You need to be doing something in the physical world that is notable, peer-reviewed, and medically sound. Simply put, you need to have physical world expertise or authority before it can translate into a digital one.  

There is no set checklist to represent the translation of physical expertise to digital. This is abundantly clear from the 168-page Google Quality Raters Guideline. This is meant to arm the thousands of people that manually review the “quality” of a search result. The two most relevant topics to healthcare are E.A.T. and YMYL. 

They represent Expertise, Authority, Trust, and Your Money Your Life. Google has segmented out search results that speak to anything health or financial related and put that at a higher standard.

This makes complete sense. It is the undemocratization of the internet. All voices are not equal, especially when it comes to healthcare information. But again, how does a voice get to that higher standard? The recent Google HLTH keynote by David Feinberg gave some hints at potentially how google is tackling it from their side. Comments such as their awareness of doctors using youtube to do research and a “health” search tab make strong indications. 

Would google pull out health-related searches into its own bucketed section? Like shopping, news, flights, etc, would “health” become the next thing to be carved out? Maybe. If it doesn’t, we should be acting as if it is though. 

Going back to the idea of patient zero websites. They are a great starting point to audit what and how they are representing themselves and their content. Past that there are some fantastic non-profits and outside parties that are attempting to define a minimum requirement to be producing health content. One that we have partnered with is the Health On the Net. They promote transparent and reliable health information online through a certification process. 

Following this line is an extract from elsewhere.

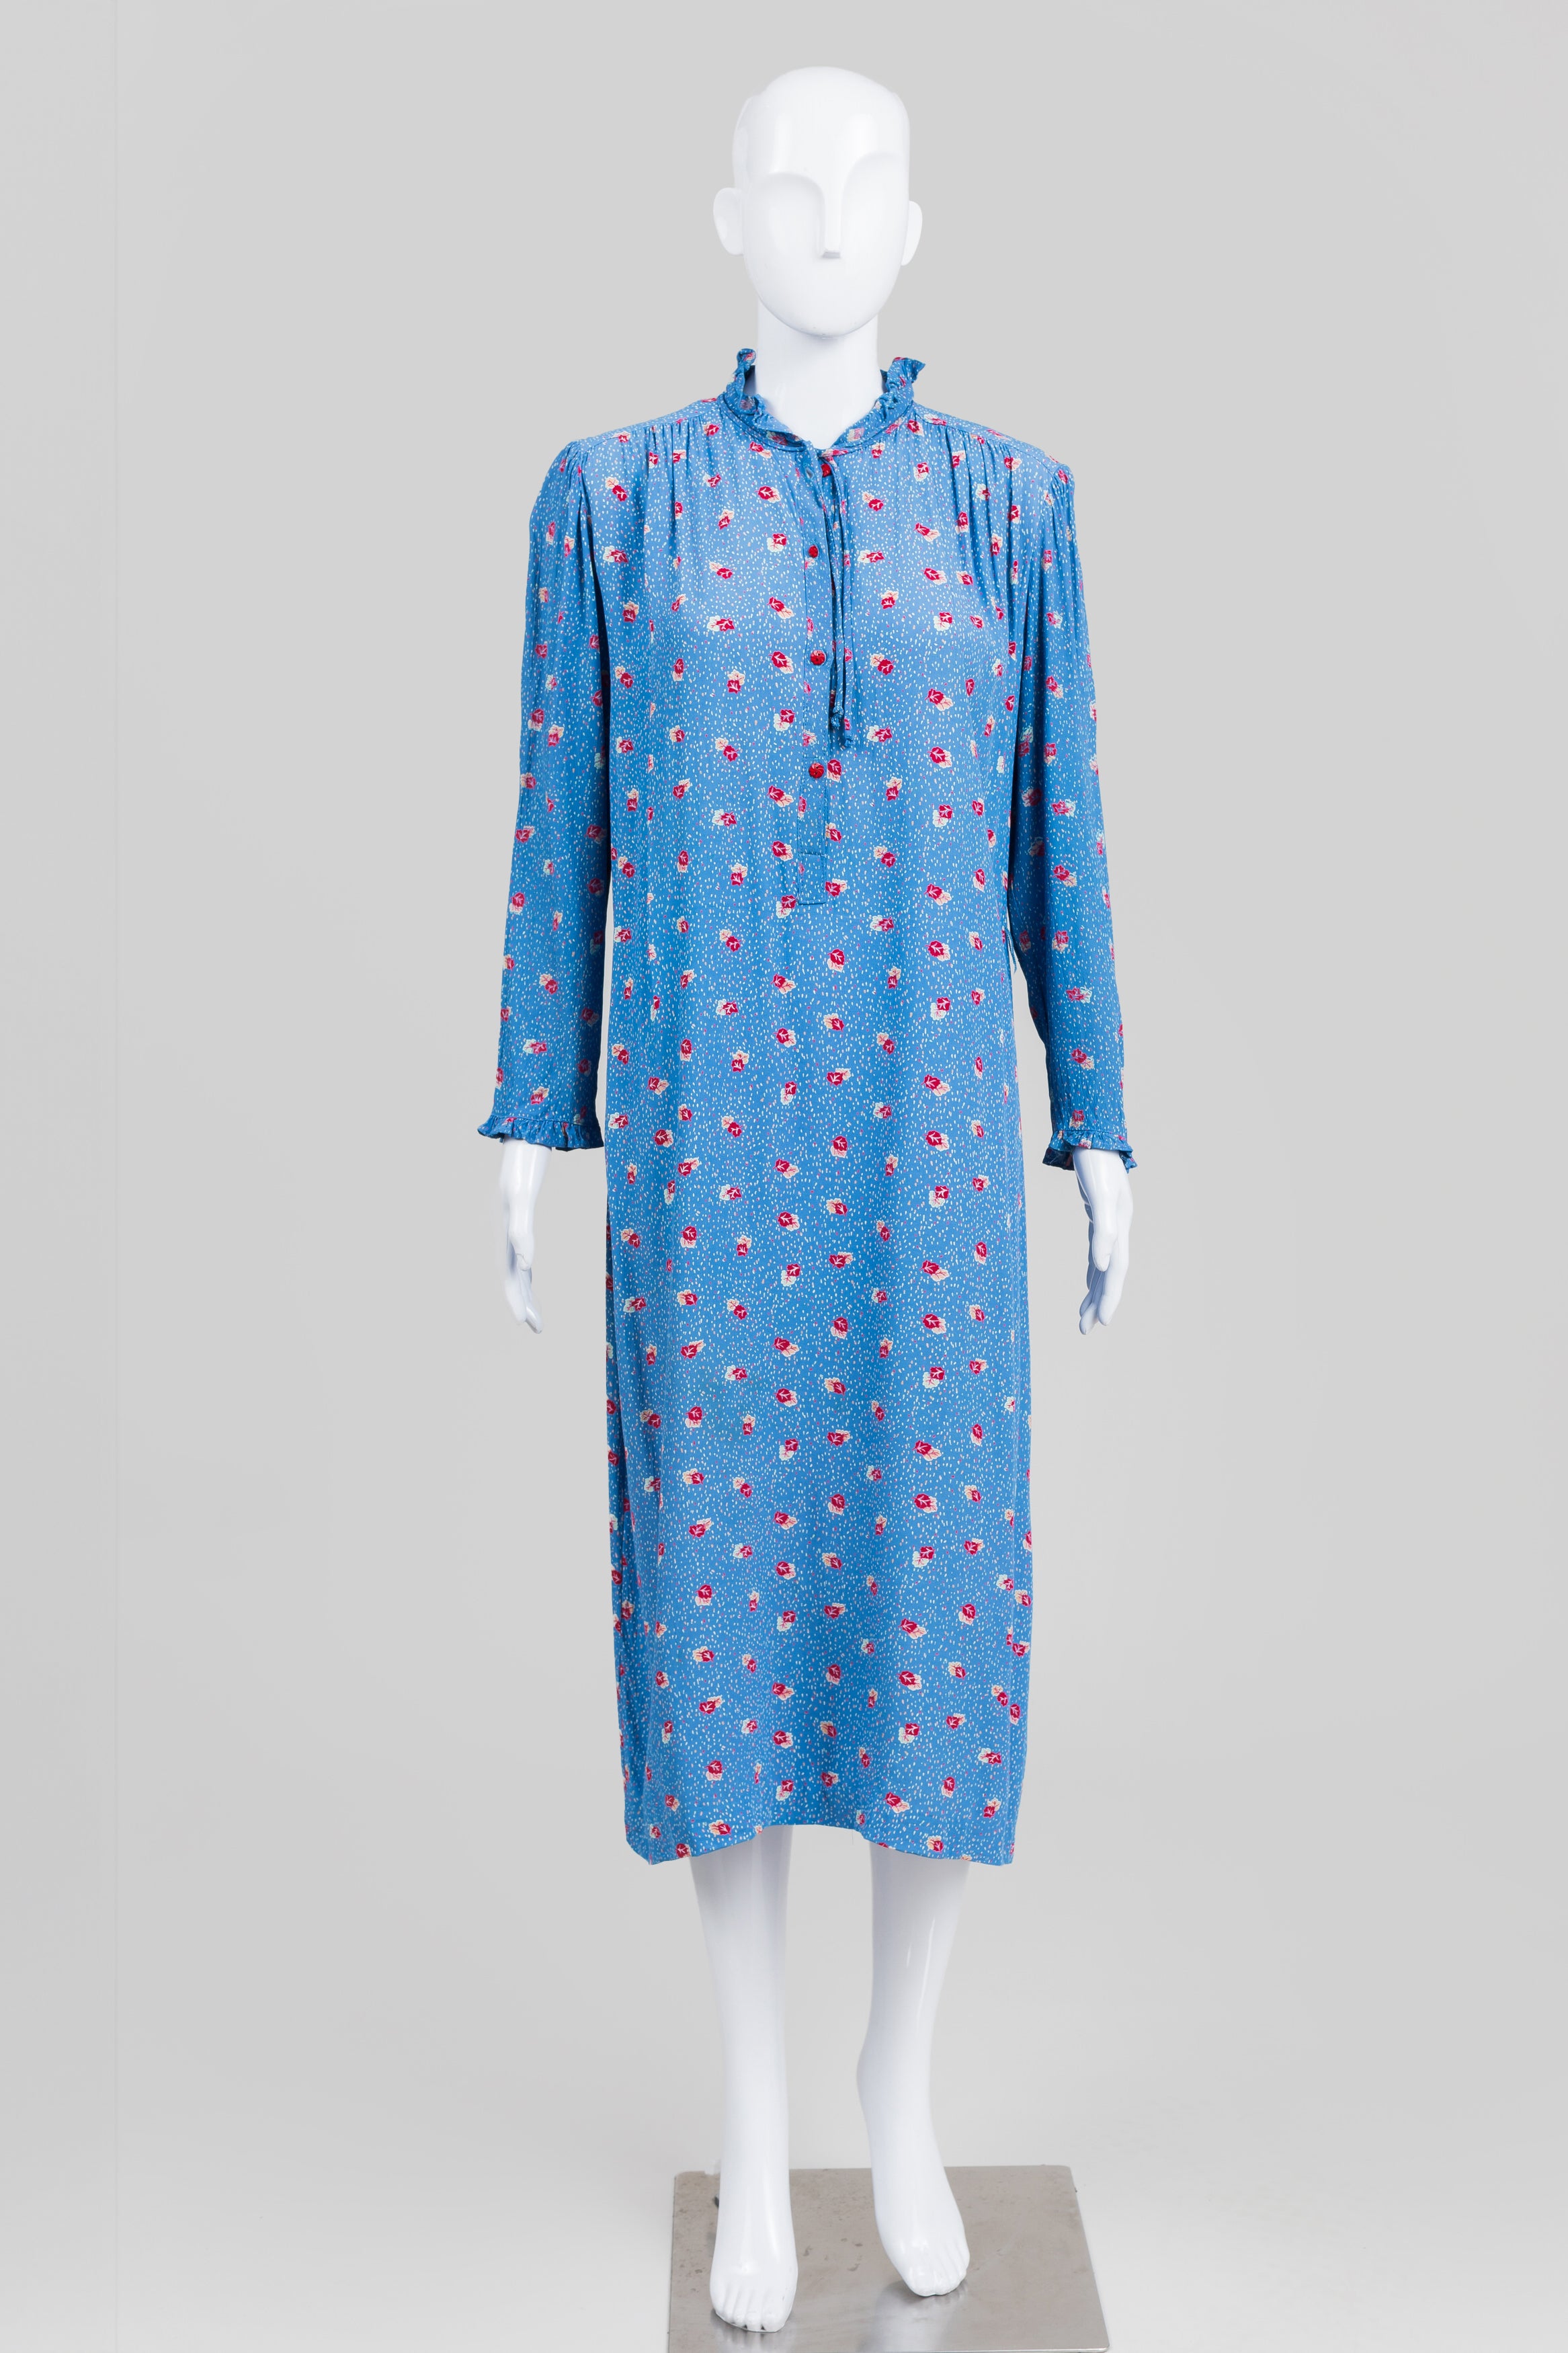 Belle France Vintage Blue/Red Leaf Print Dress (12)

Even that process isn’t completely exhaustive. Our healthcare audit team is constantly building out as close to an “objective” list of processes, factors, and indicators to what makes a voice be seen as an authority online. Just like the google quality raters guidelines, ours is constantly growing and will always have a partially subjective manual review aspect. Our audit team is lucky enough to work with some world-class doctors, researchers, and thought leaders in the healthcare space. It can be a struggle for them to have physical efforts that aren’t reflecting online. That is where our team comes in to translate physical expertise into digital. 

As with anyone in the digital space we are always thinking, are we all just appeasing the almighty Google? We certainly can’t ignore them but we certainly don’t have to be completely boxed in by them either. A recent presentation by Rand Fiskin, co-founder of Moz and SparkToro outlines the emphasis on brand value in 2020. There is no recording of the video at this point but outlined in a blog titled Google in 2020: From Everyone’s Search Engine to Everyone’s Competitor are the slides. 

As Google gets itself directly into more verticals the importance of zero-click searches becomes more important. This is where a searcher gets the information they need simply from the search result and never clicks into a result. Rand highlights further into the slides, how information searches are crushing industries that relied on that user coming to their website to educate them further. This is already apparent in healthcare searches that have the knowledge panel and featured snippet pop up. 

Where we are tasked, is to keep educating the public with all efforts, both digital and physical. Rand makes it clear that a search result comparison between something like “endometriosis treatment” and “endometriosis treatment <insert brand>” are drastically different. This may seem obvious but there is much less room for Google, Bing, or anyone to co-opt a search result when the brand is clearly identified. This distinction is at the heart of all healthcare efforts. 

There is a much smaller pool of people who know you by your brand versus what you do or what you treat.

How do we associate your brand to that larger pool in an authoritative and expert manner?